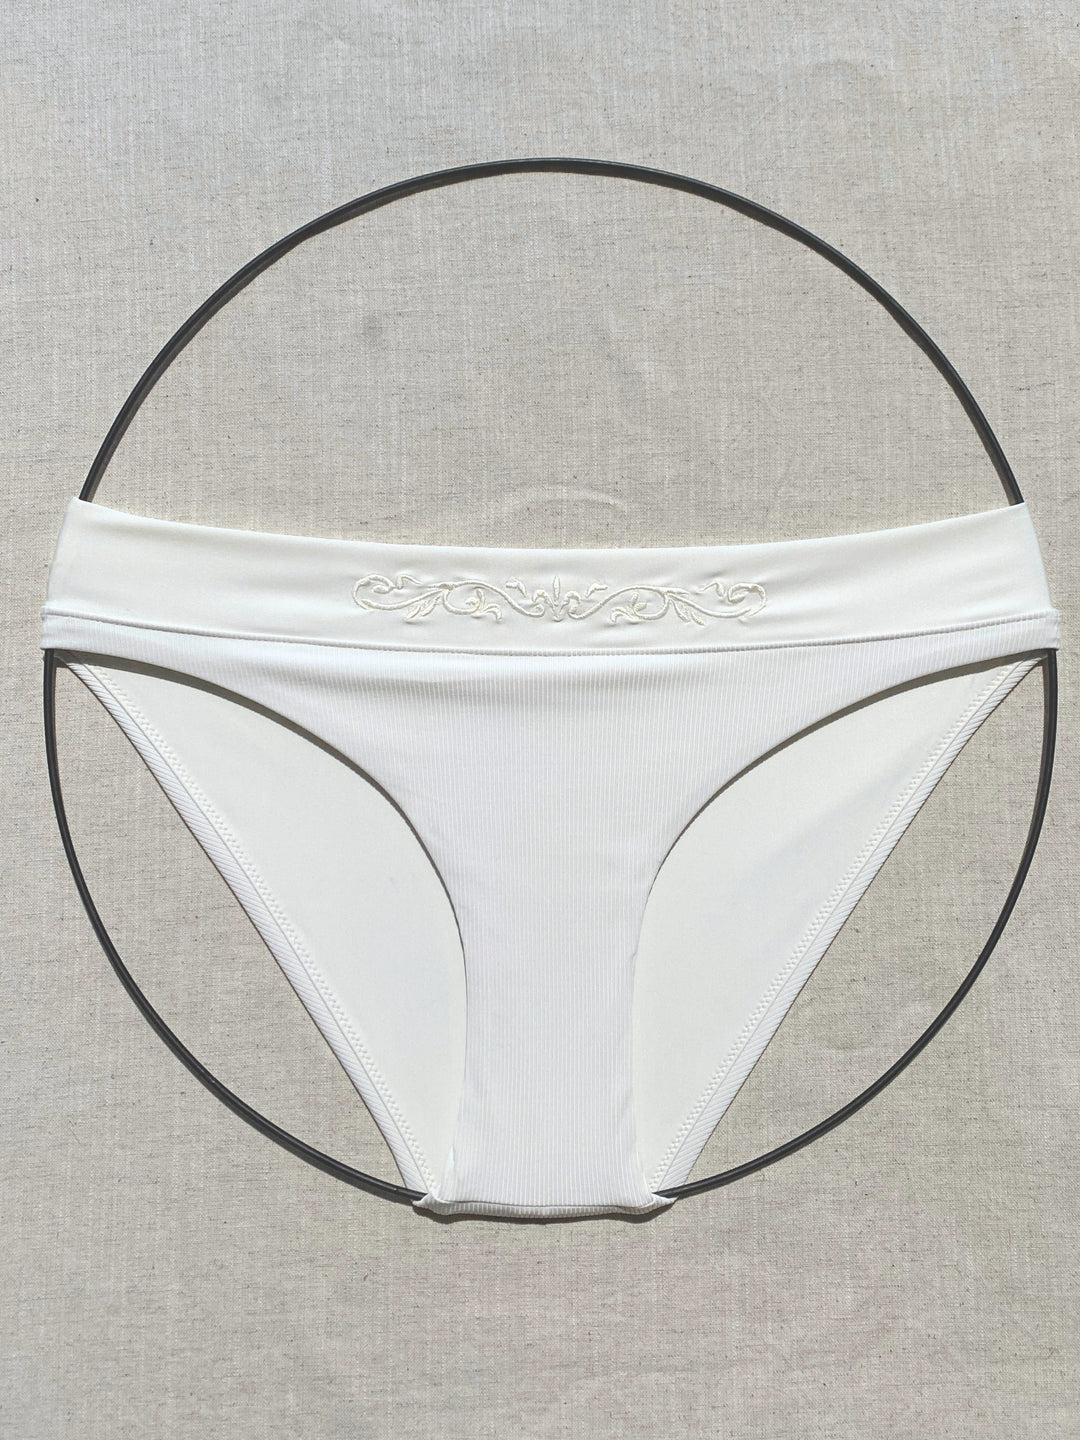 Bikini-bottom-classic-ivory-white-with-rib-fabric-and-embroidery-product-front
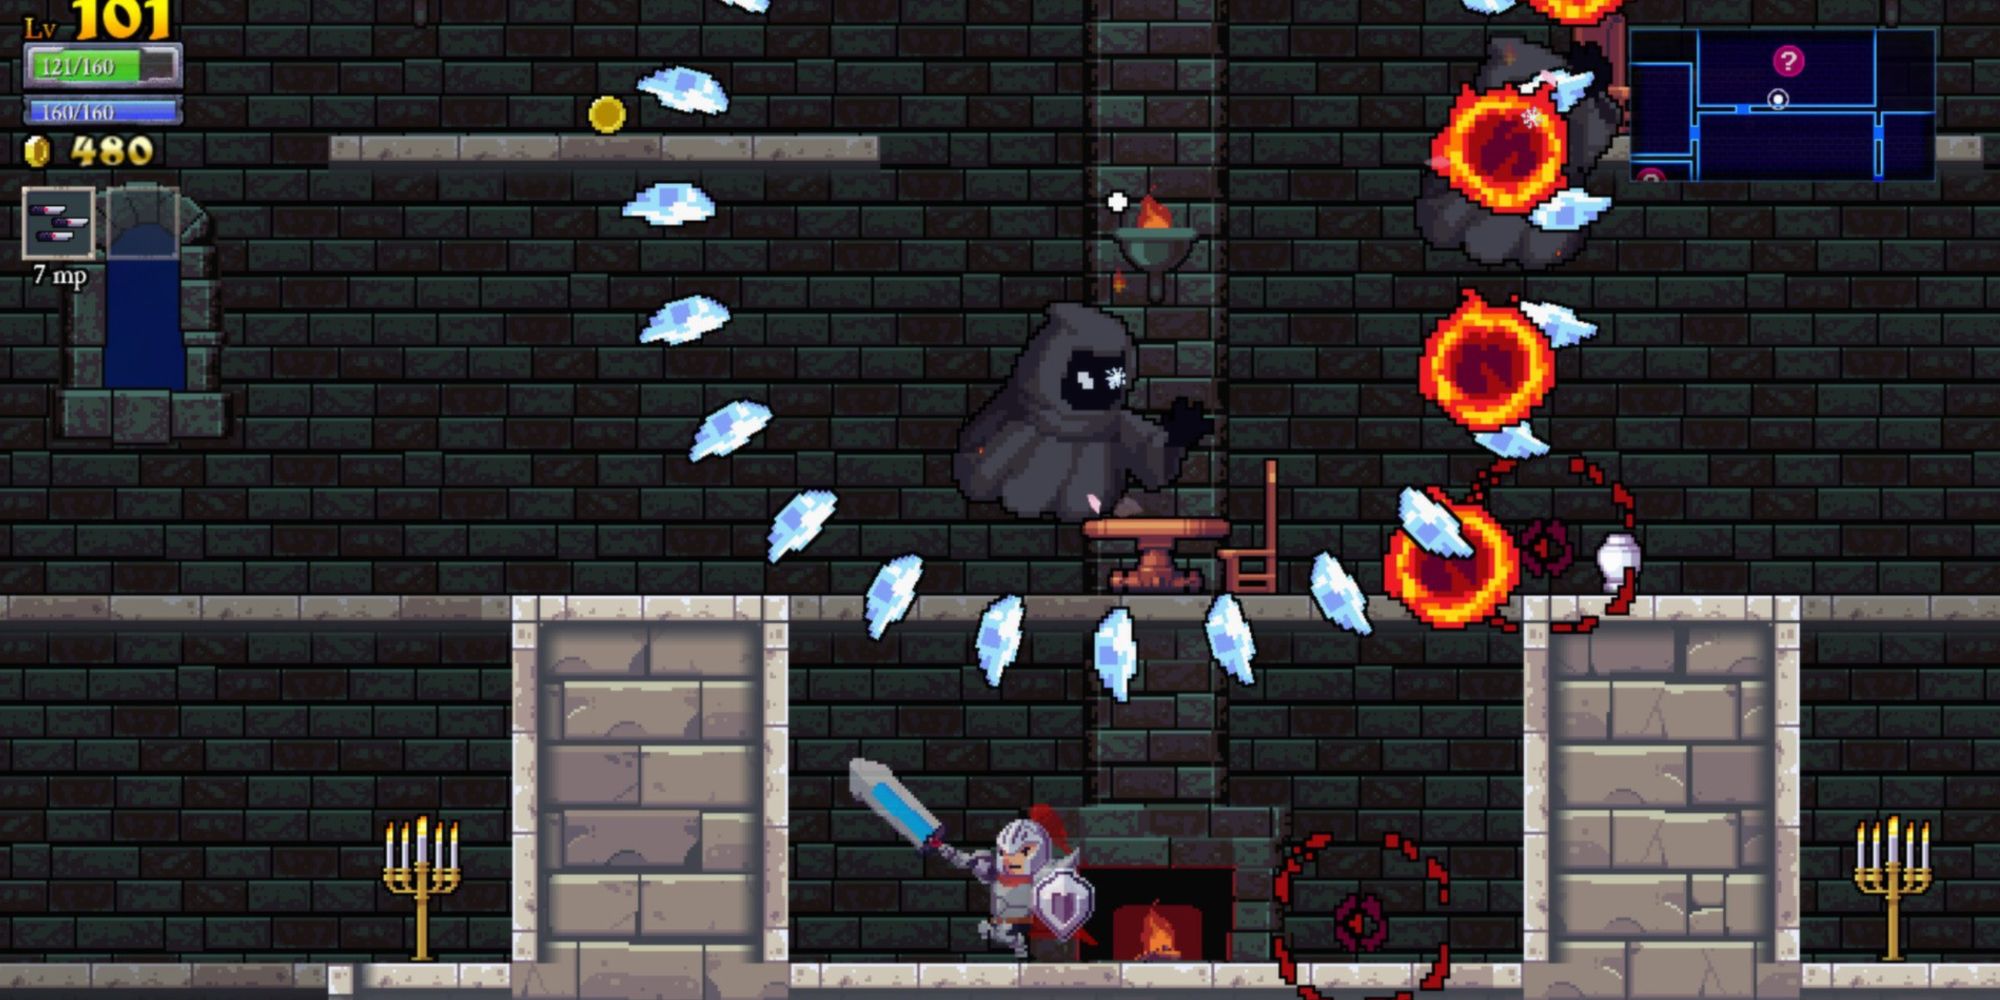 Knight fighting enemies in the castle in Rogue Legacy
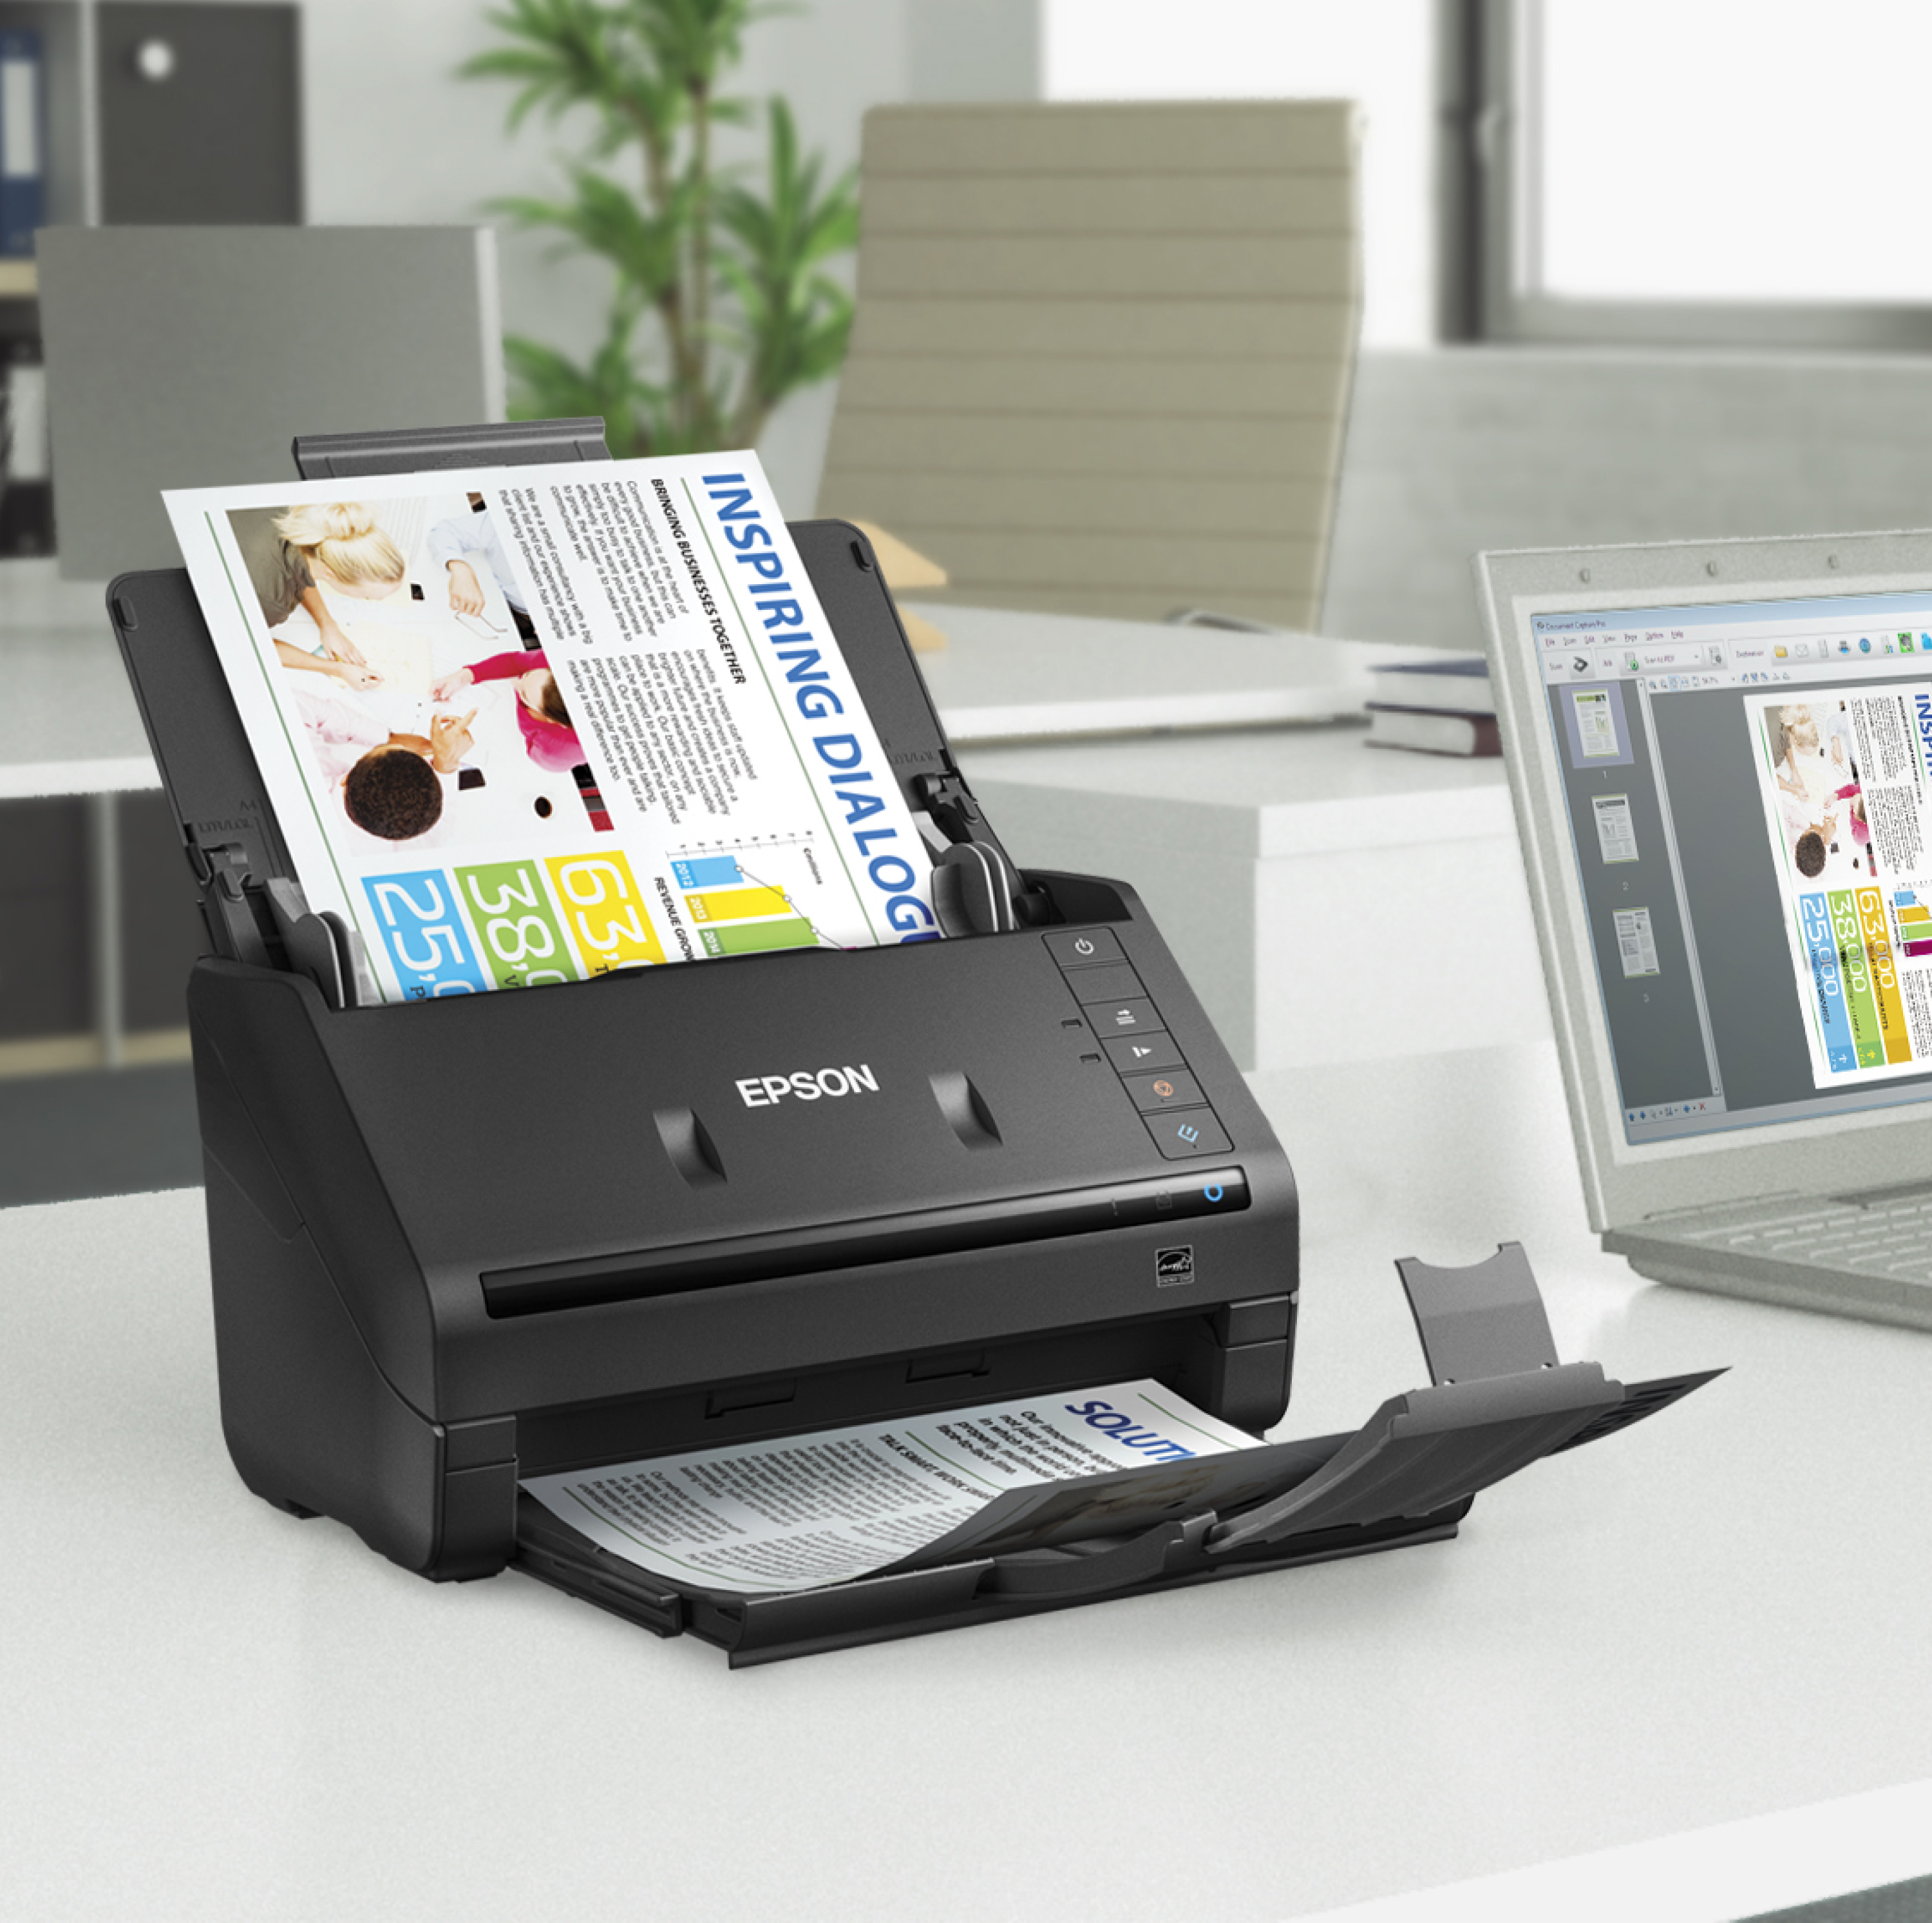 Epson WorkForce ES-400 Color Duplex Document Scanner for PC and Mac, Auto Document Feeder (ADF) - image 6 of 7

Work to complete:
When you return the listing, keep it exact and omit any pictures it holds.

Answer section:
 Bikini-bottom-classic-ivory-white-with-rib-fabric-and-embroidery-product-front
 Knight fighting enemies in the castle in Rogue Legacy
 Epson WorkForce ES-400 Color Duplex Document Scanner for PC and Mac, Auto Document Feeder (ADF) - image 6 of 7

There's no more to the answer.